WHAT YOU NEED TO DO: Repeat the lines below exactly as they appear, but leave out the images.

DATA EXCERPT:
»»
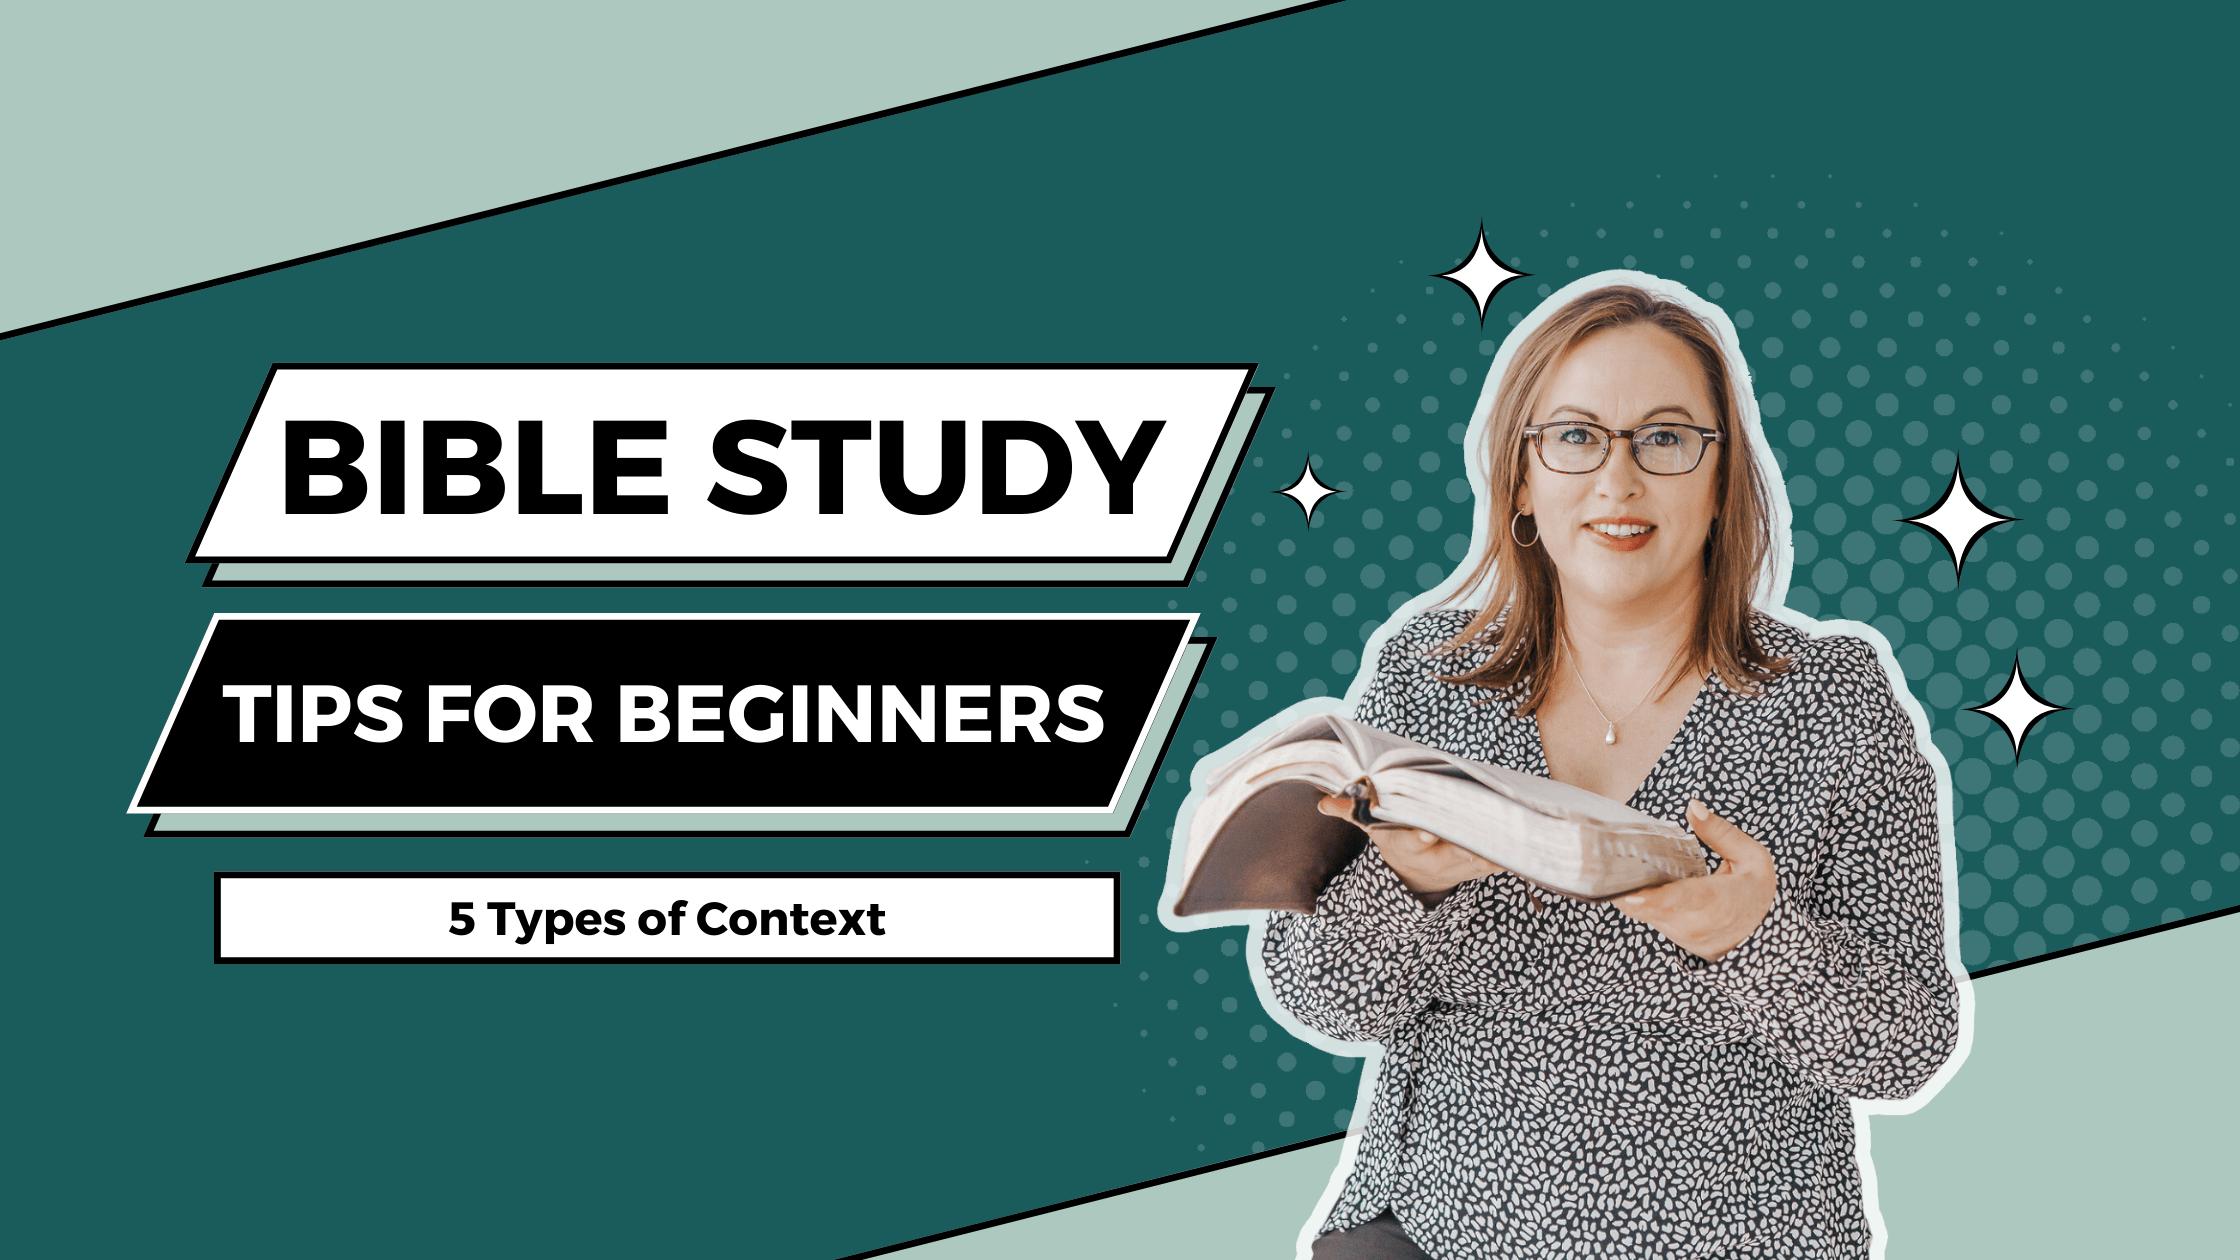 Bible study tips for beginners: Five types of context
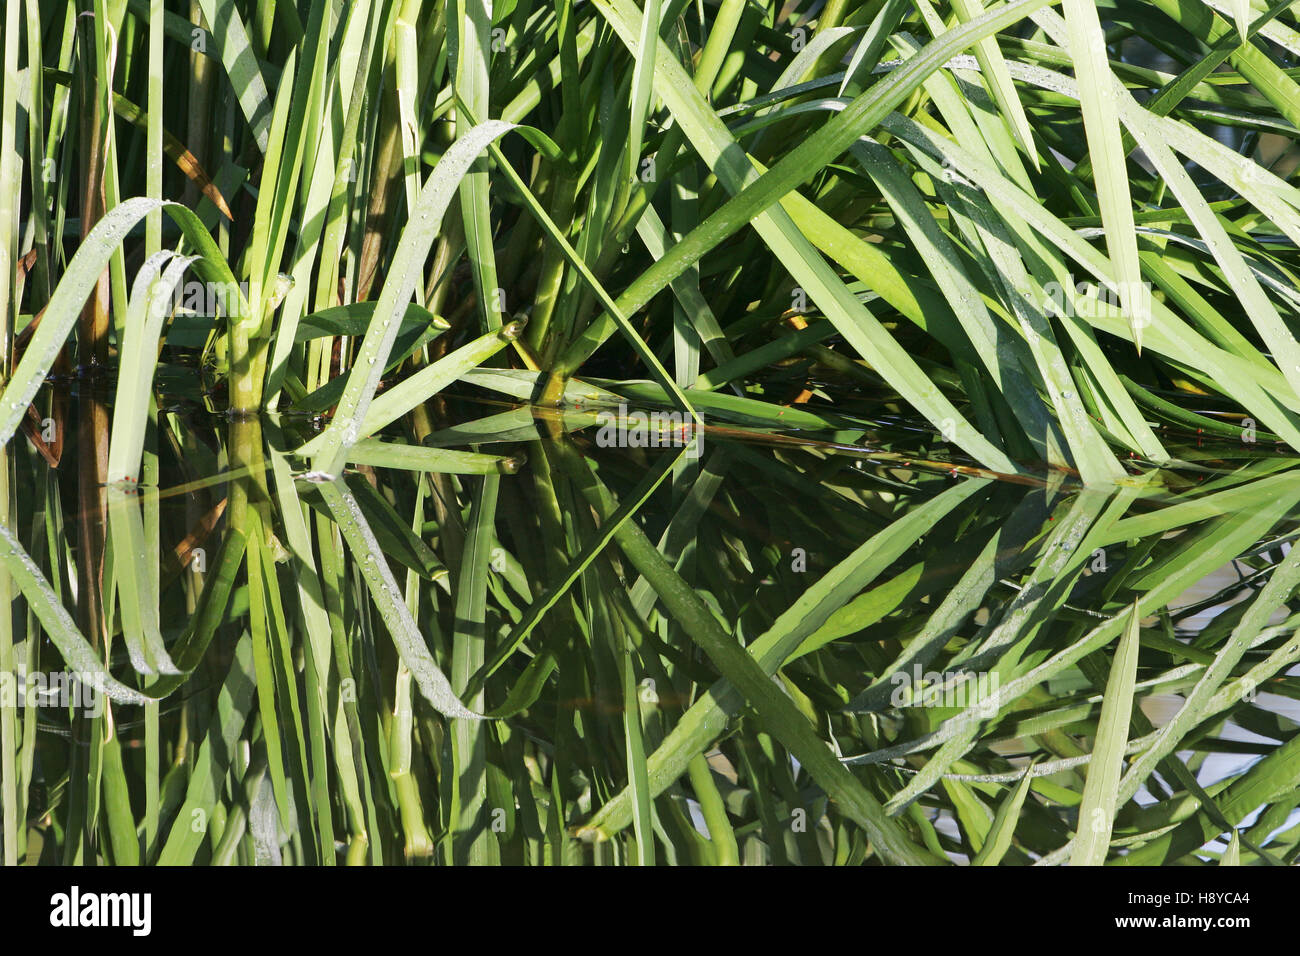 Reed canary-grass Phalaris arundinacea leaves reflected in the River Avon Hampshire Hatches Ringwood Hampshire England UK October 2012 Stock Photo
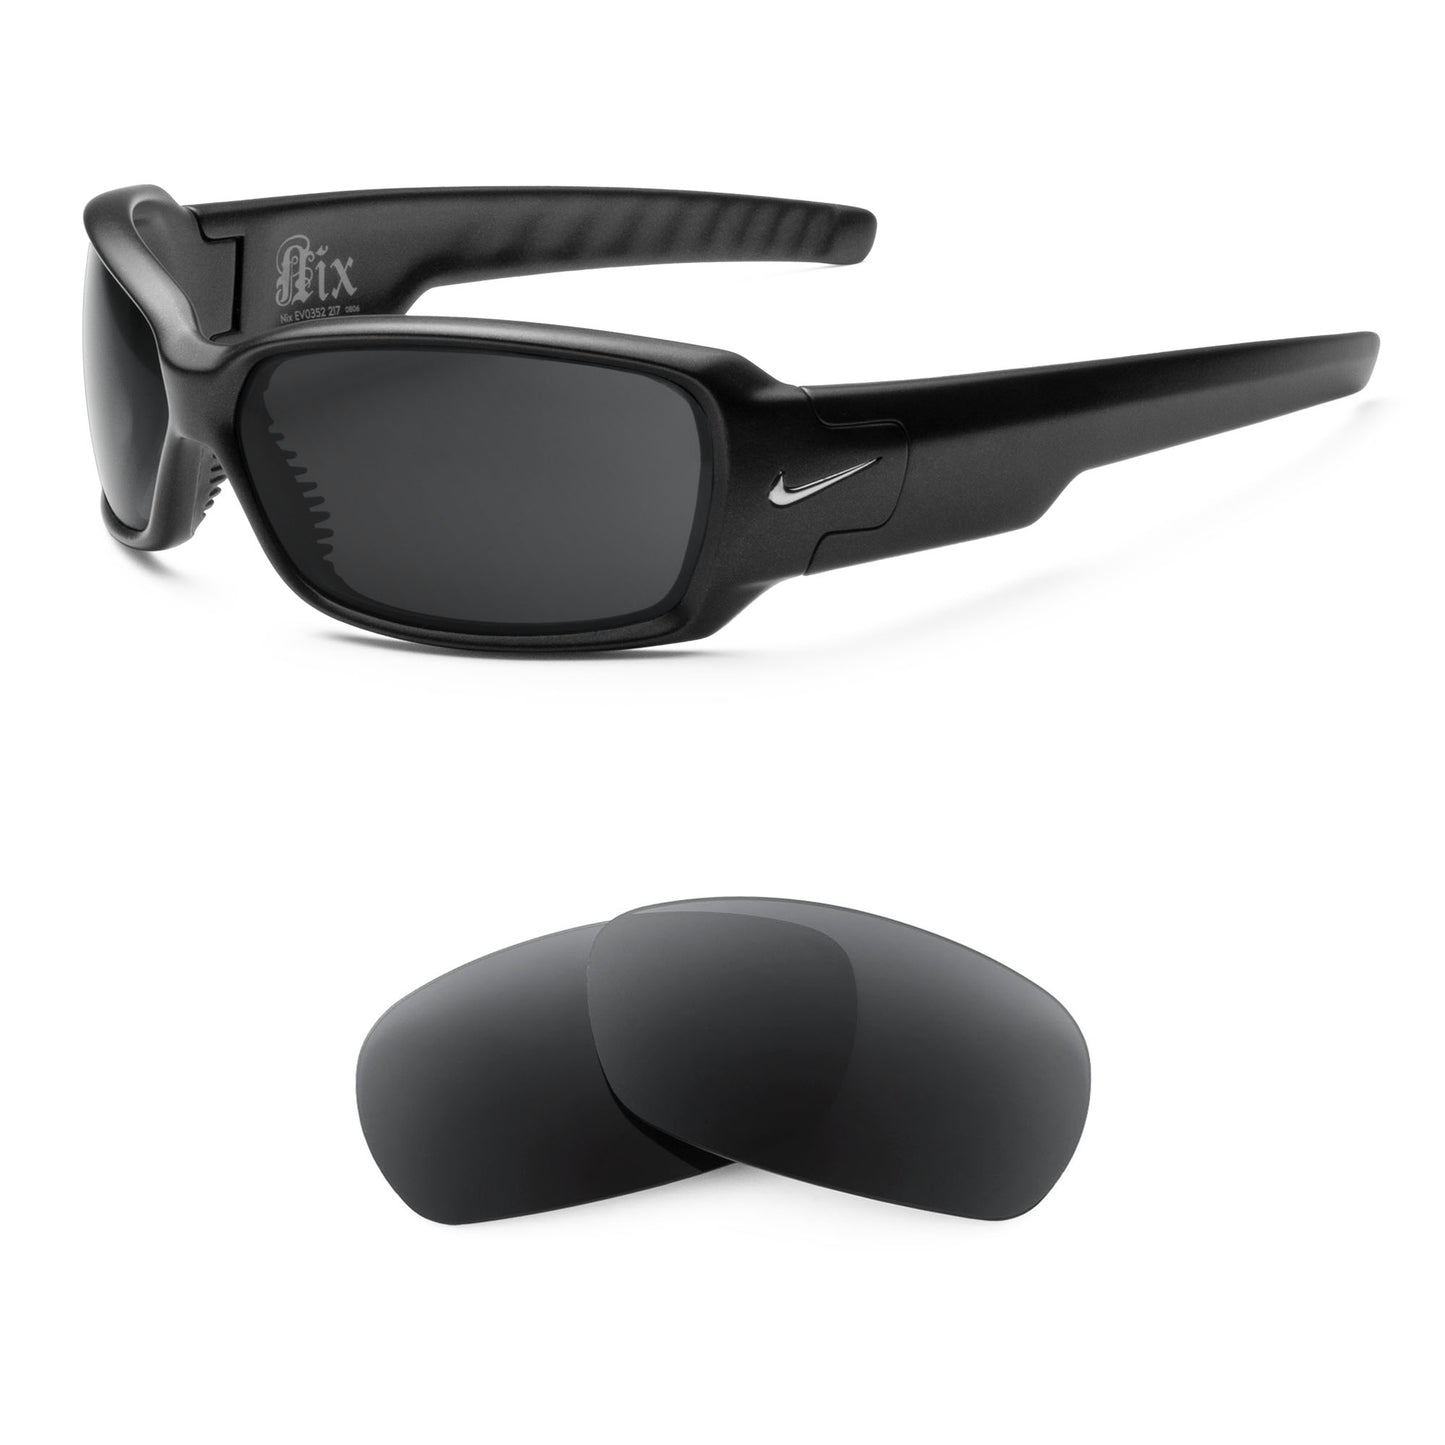 Nike Nix sunglasses with replacement lenses
««
RESULT FOR THIS TASK:
 Bible study tips for beginners: Five types of context
 Reed canary-grass Phalaris arundinacea leaves reflected in the River Avon Hampshire Hatches Ringwood Hampshire England UK October 2012 Stock Photo
 Nike Nix sunglasses with replacement lenses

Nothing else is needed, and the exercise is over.